### Information shown
▼▼▼

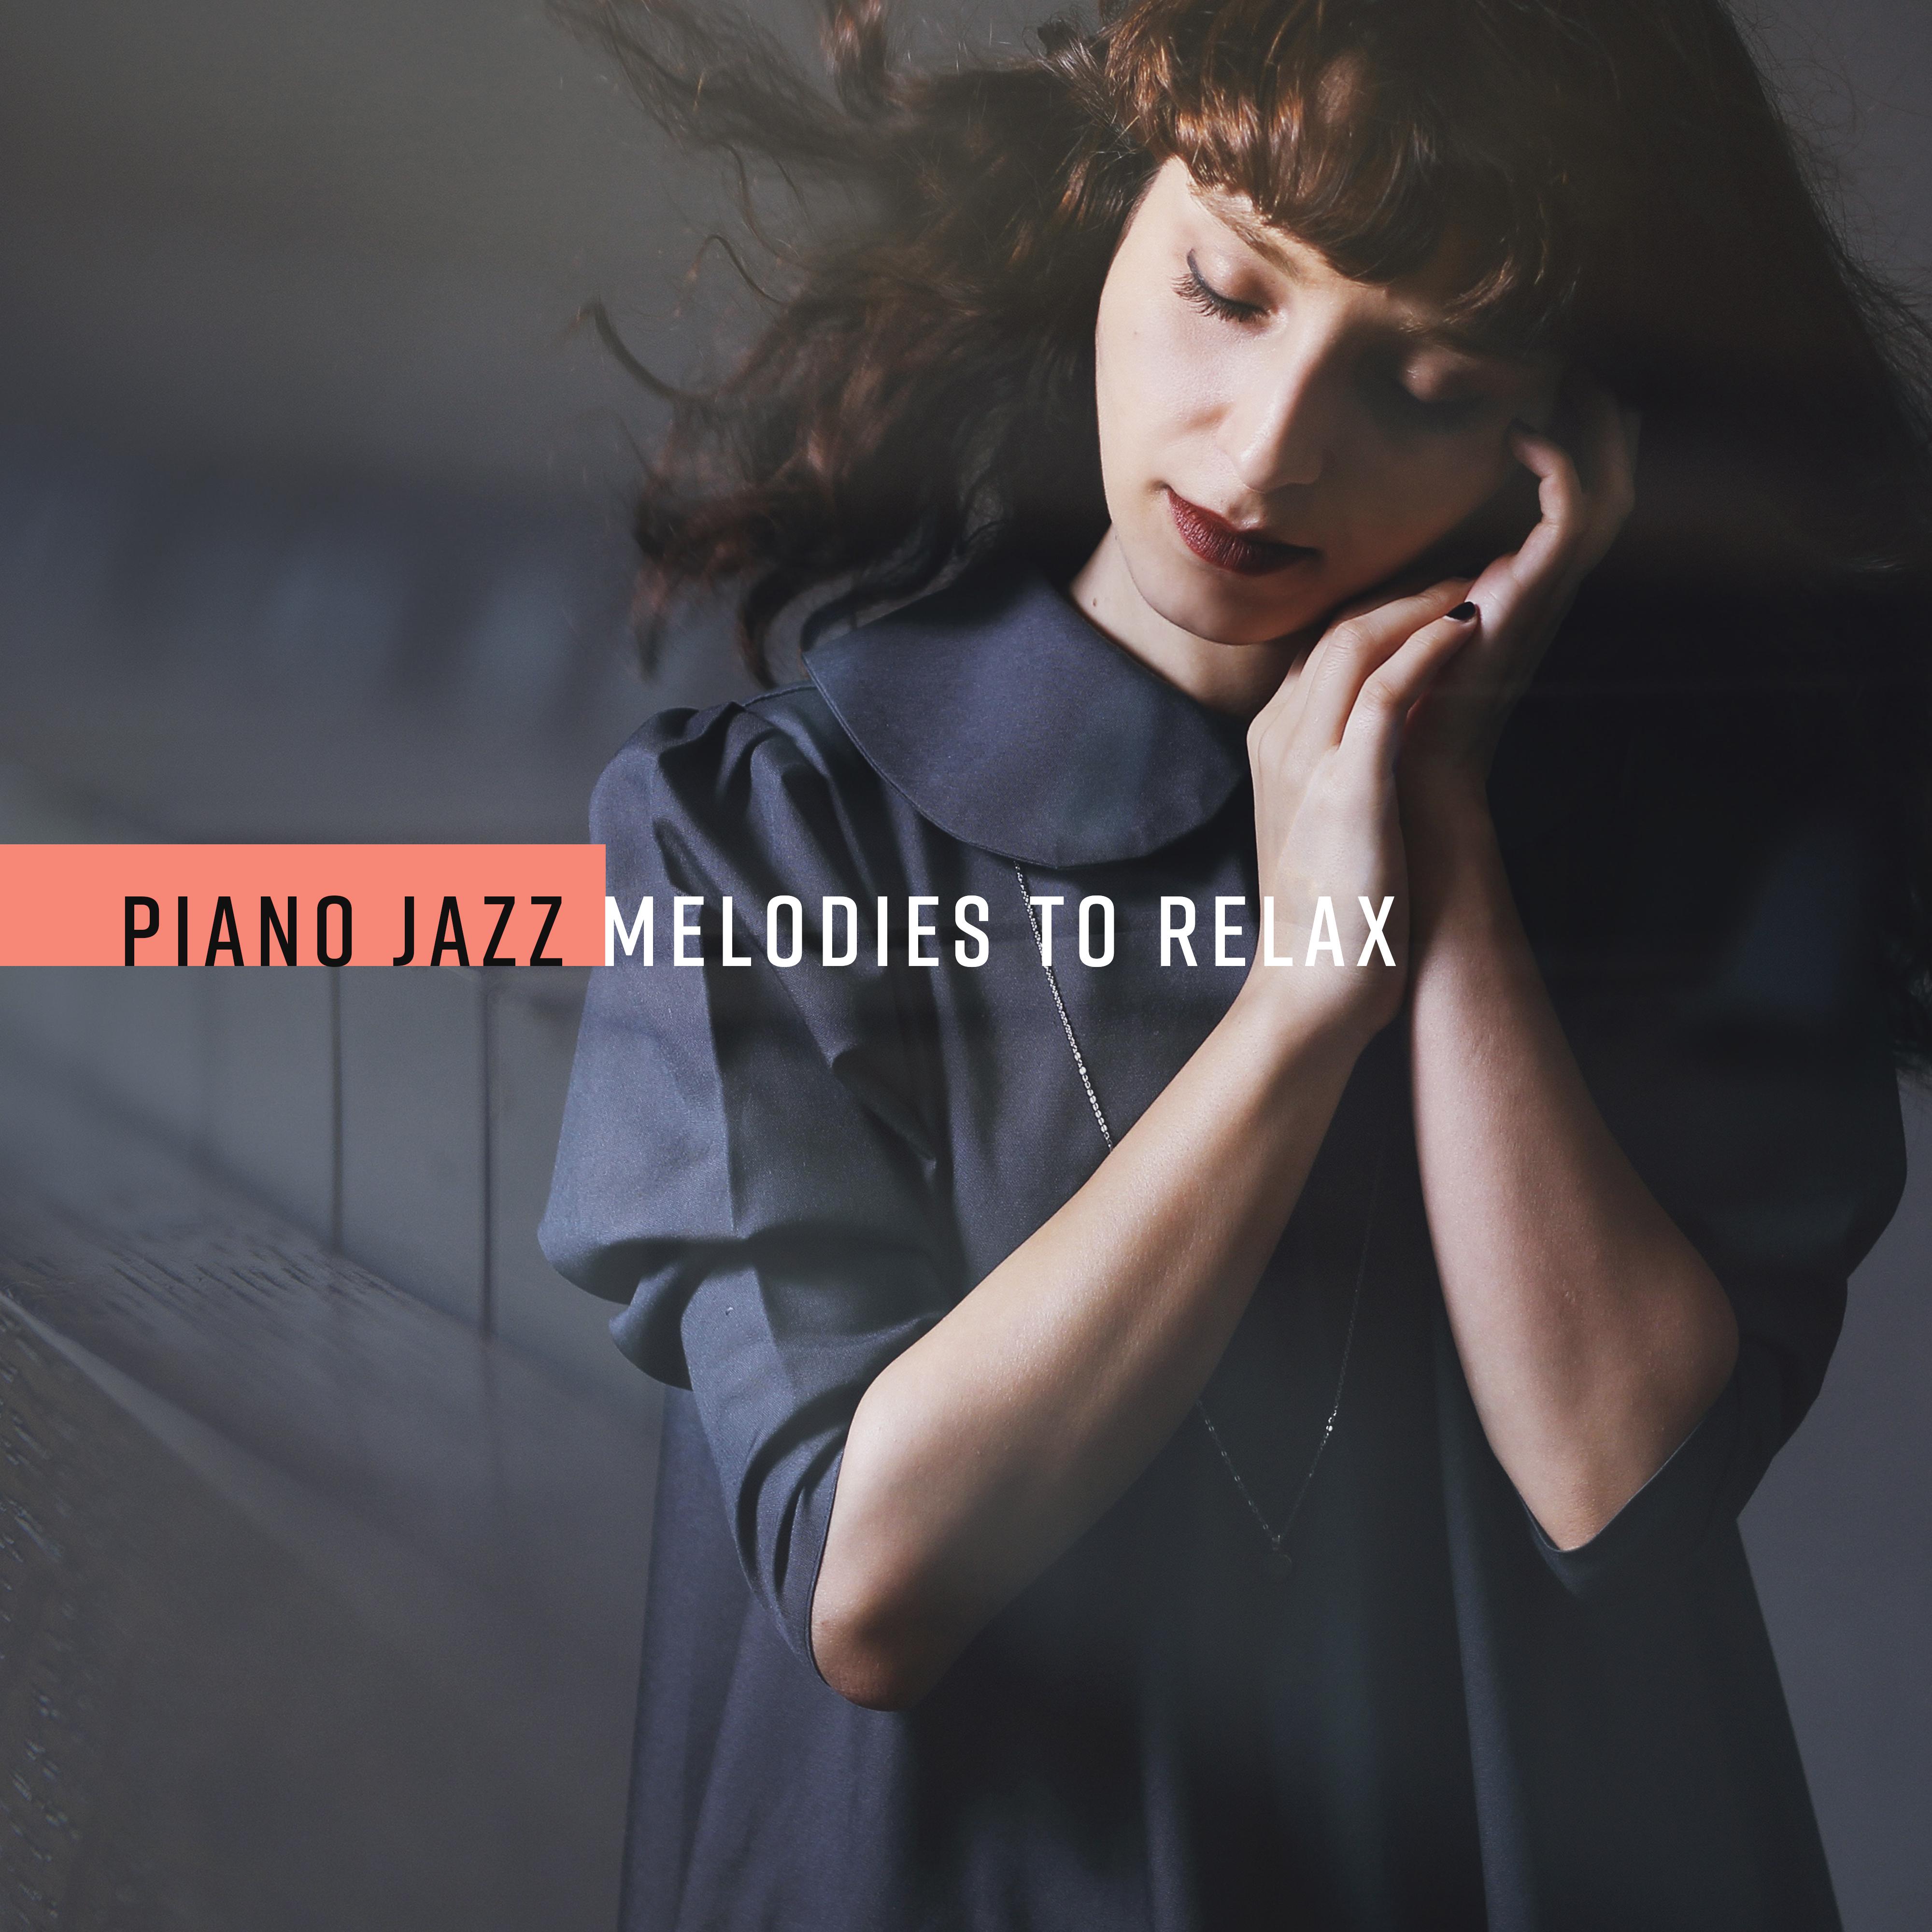 Piano Jazz Melodies to Relax
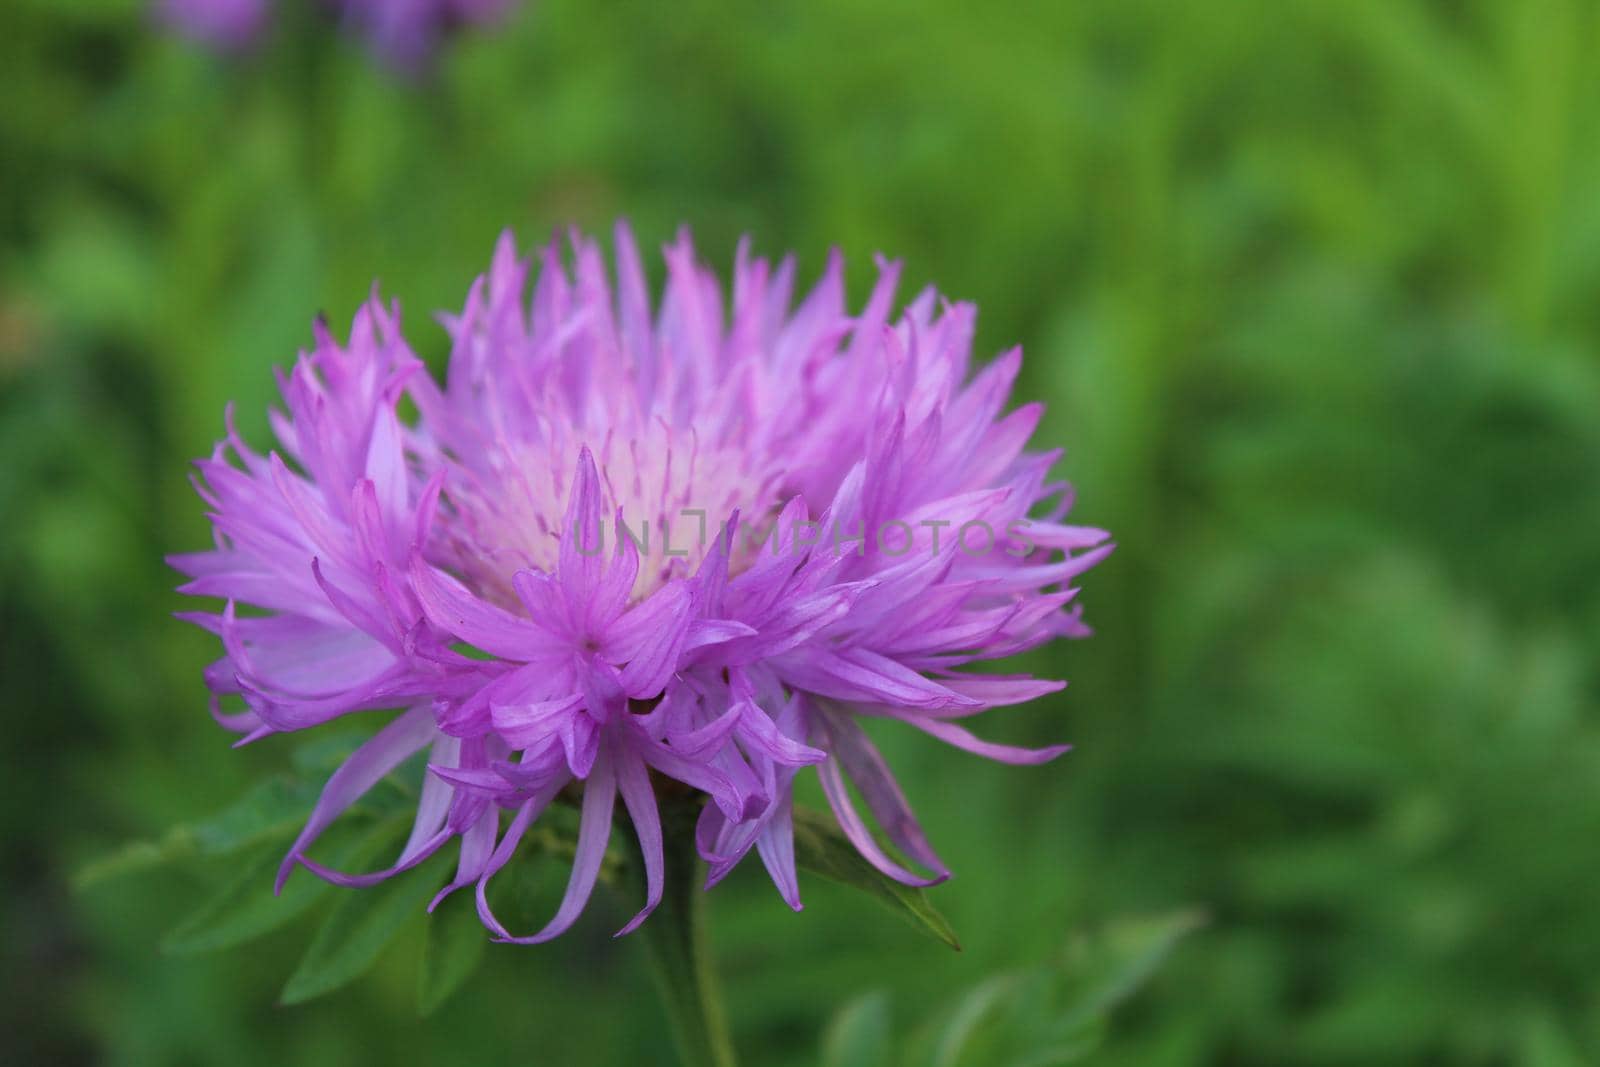 The flower of the asters is lilac-colored against the green grass close-up. View from above Aster bush. Centaurea Dealbata.
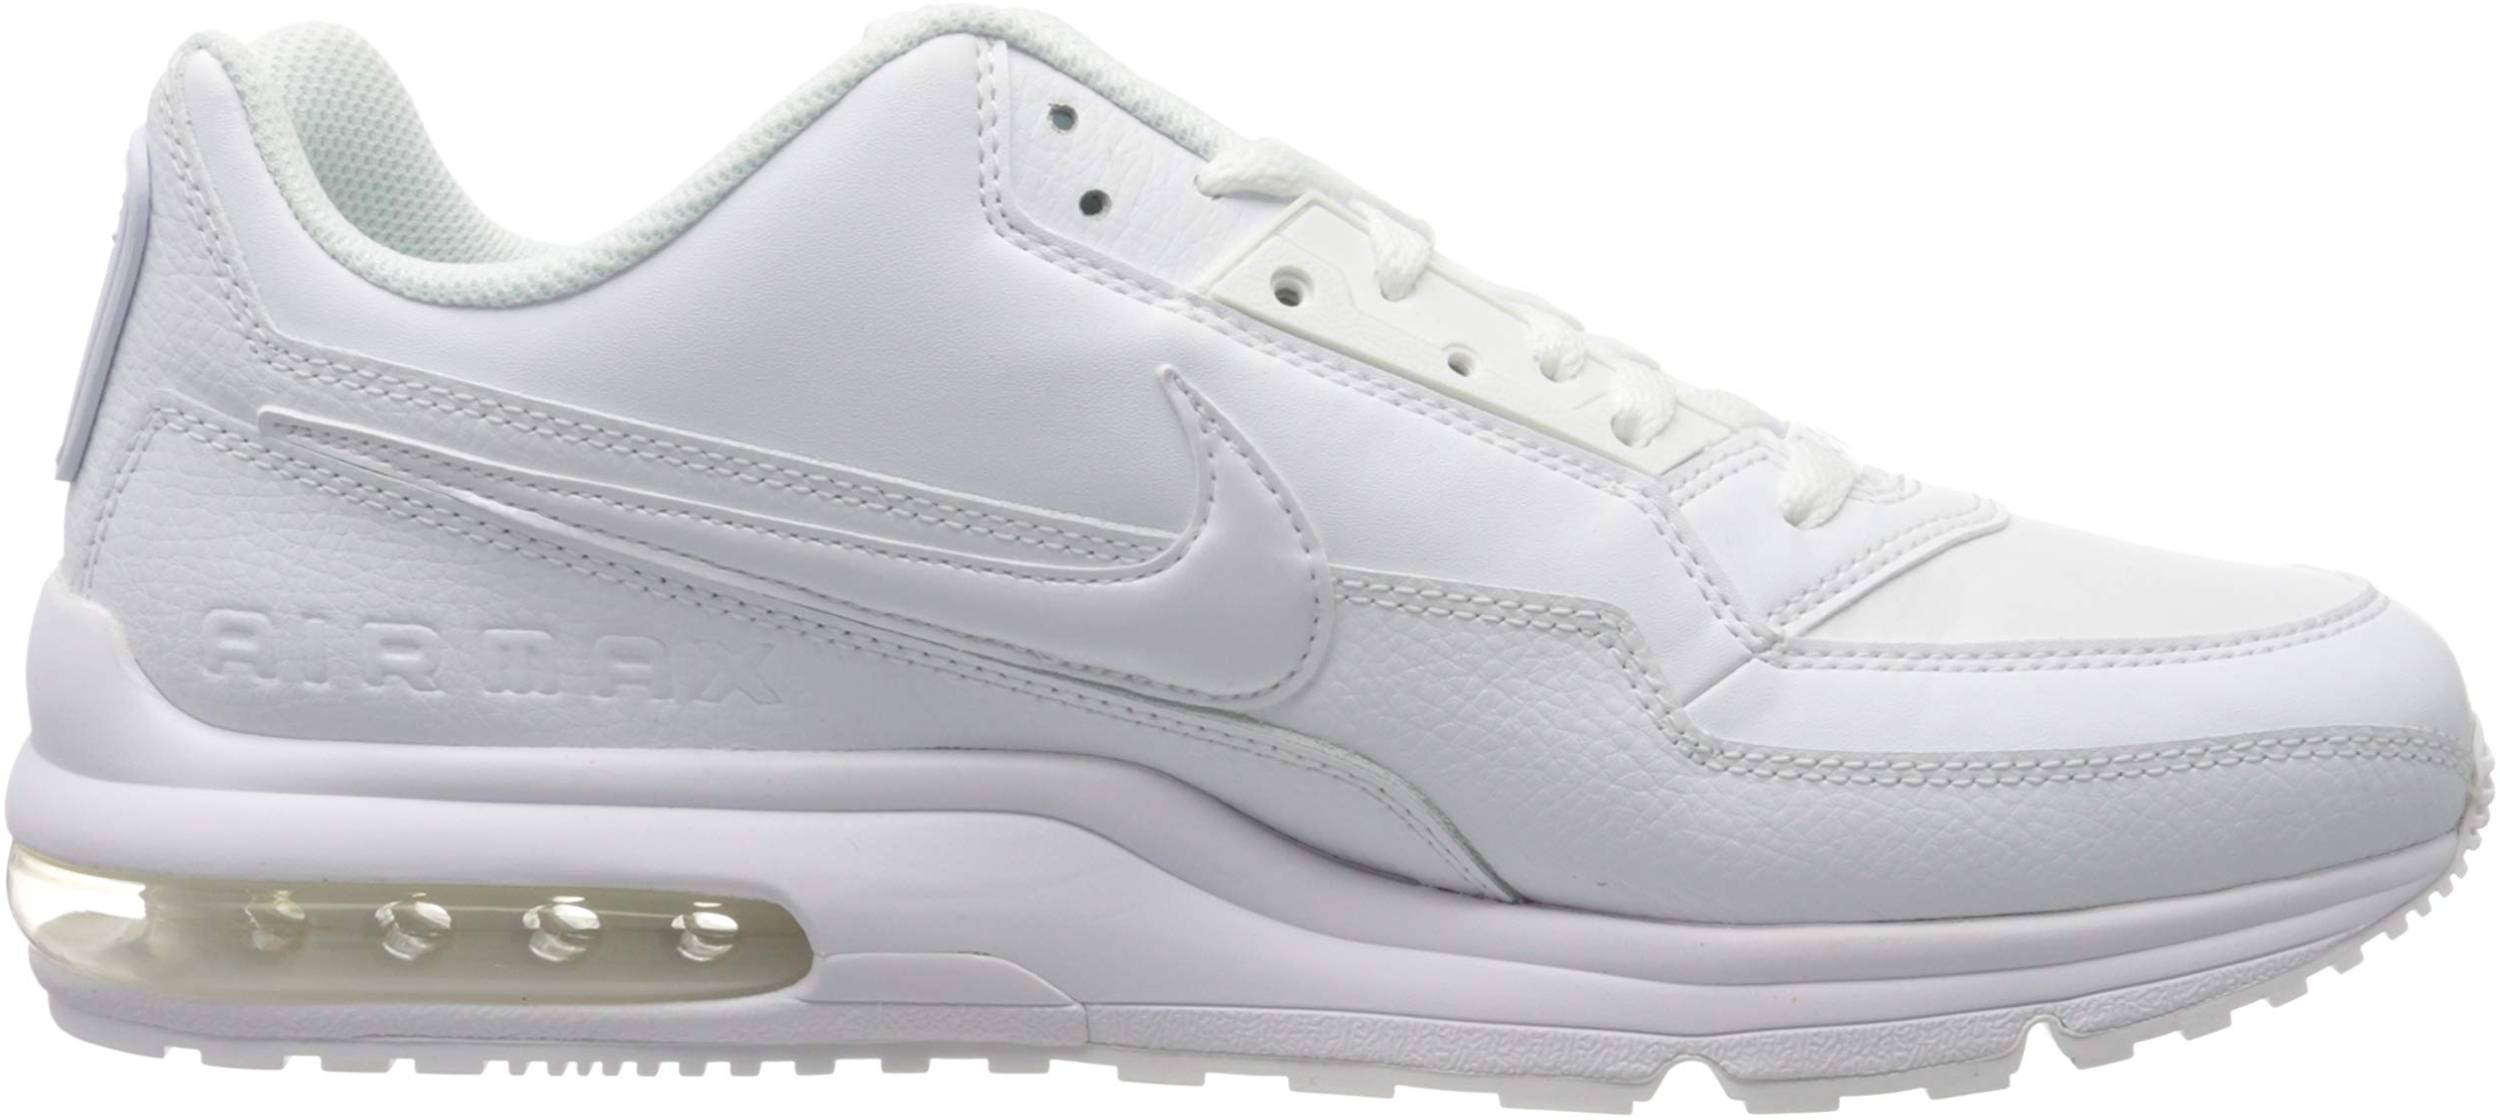 Nike Max LTD 3 sneakers in 7 (only $105) |

▲▲▲

Take the line with "The flower of" and each line after it through the end of the material above, and reproduce them exactly, without the pictures.

 The flower of the asters is lilac-colored against the green grass close-up. View from above Aster bush. Centaurea Dealbata.
 Nike Max LTD 3 sneakers in 7 (only $105) |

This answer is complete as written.